Libraries have long played a role in scholarly communication, but are we ready to challenge the very structure of scientific publishing? What if, instead of locking planetary science insights into rigid, one-time publications, we helped develop living research papers—scientific documents that continuously evolve as new data, citations, and computational models are added? Could we work with planetary researchers to design research dashboards, where findings, datasets, and methodologies are updated in real time, rather than being trapped in static PDFs?

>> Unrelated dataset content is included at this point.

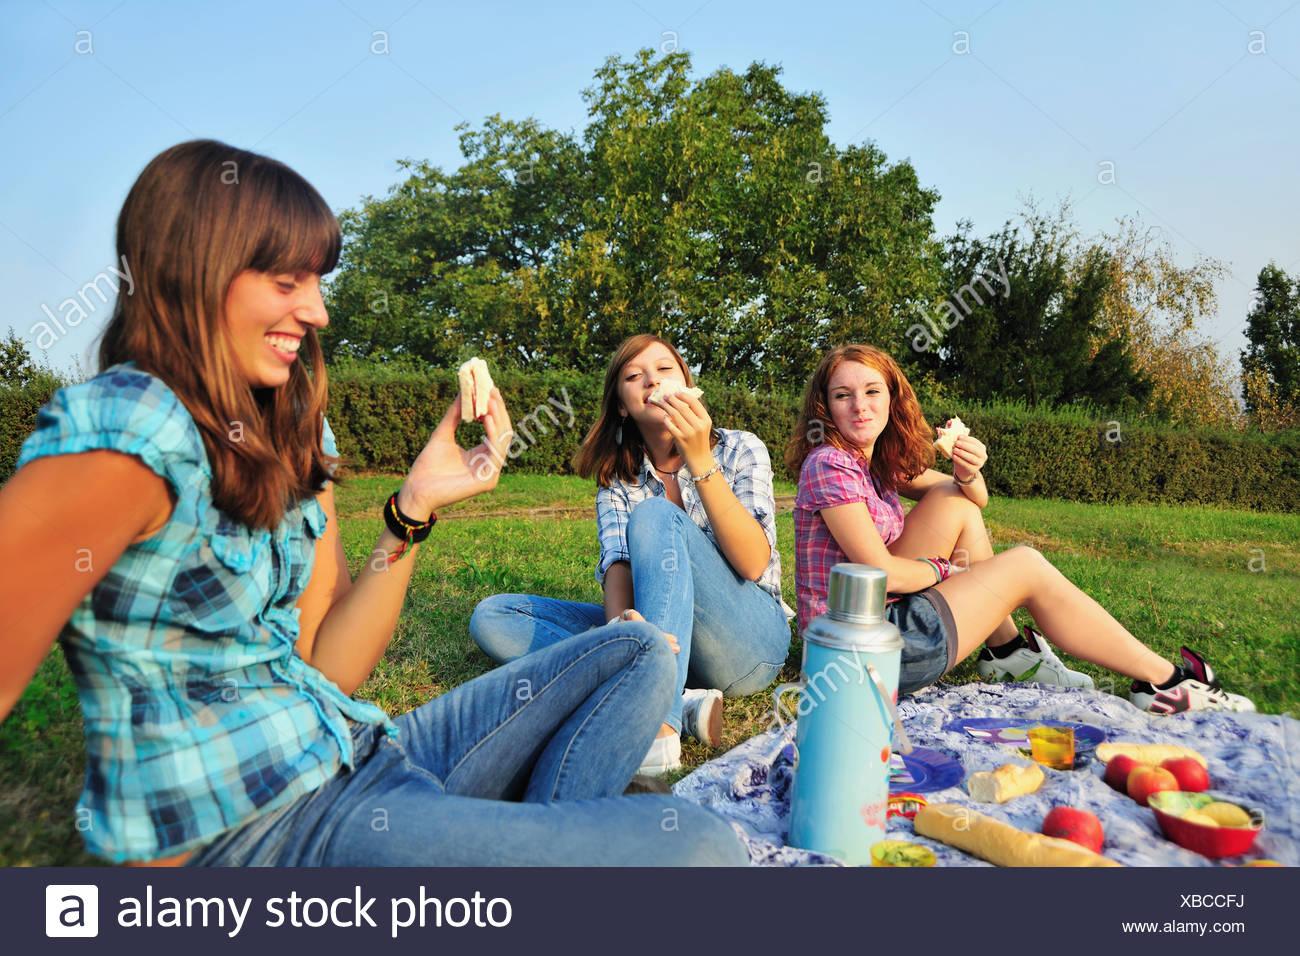 Teenage girls picnicking in rural field - Stock Image
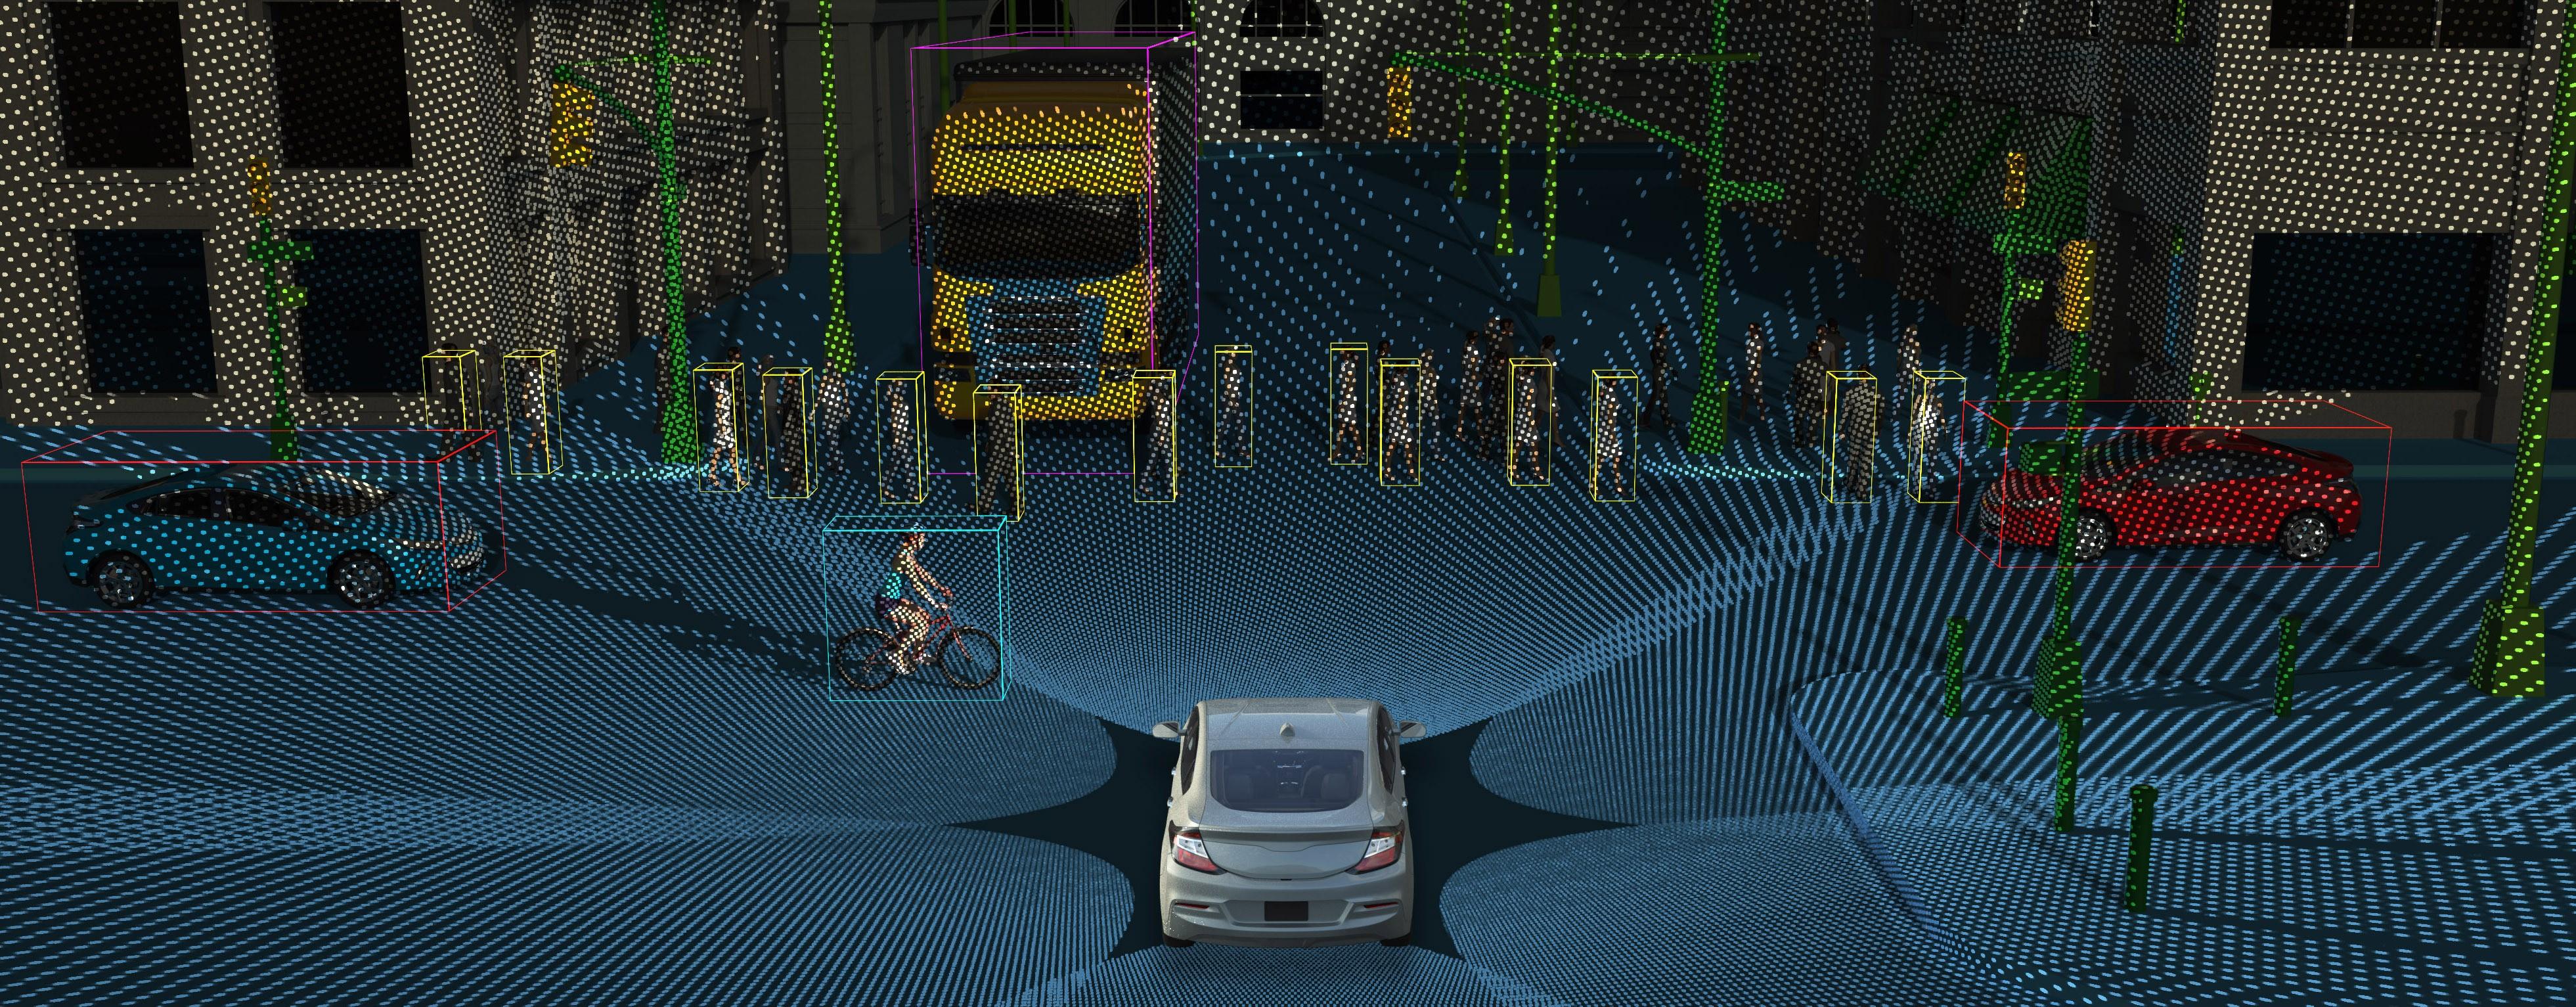 Sistema usa inteligência artificial para imitar a forma como o cérebro processa imagens. (Foto: AEye)

The shift toward dynamic, open research outputs is already happening in computational fields, where preprint archives, open code repositories, and interactive datasets are advancing discovery. Could libraries push this transformation further by developing and stewarding global open publishing platforms tailored for planetary science? And -- could we advocate for AI-assisted literature synthesis tools that can auto-update research summaries based on new mission reports? If the fundamental role of publishing is to disseminate knowledge efficiently, then planetary science demands a more fluid, adaptive, and open model of scientific communication.

A New (Next) Frontier for Libraries?

Space exploration has never been just about rockets, rovers, and planetary science. At its core, it is an exercise in knowledge infrastructure—how information is collected, organized, interpreted, and passed forward across generations. The ability to understand a distant exoplanet, model a planetary atmosphere, or forecast a solar storm depends not only on scientific instruments but on the systems, we build to connect, contextualize, and sustain knowledge over time.

Libraries have always embraced the identity of knowledge stewardship, but this moment demands more than stewardship—it demands strategy, vision, creativity, and leadership. And most of all, action! The reports from the National Academies make it clear that the future of space science will be shaped as much by how knowledge is structured and shared as by any single technological breakthrough. If libraries, archivists, and other information professionals step forward, we can help design the systems that ensure planetary research is open, interoperable, integrated, interdisciplinary, AI-ready, and enduring. But if we sit back, others will shape the landscape instead. And most likely, it will not meet the needs of the scientific community or the broader public good.

The stakes are clear: either we help design resilient knowledge systems and pathways, or we risk a future where critical planetary research is locked away, lost in silos, forgotten, or dictated by commercial interests. This knowledge should belong to everyone.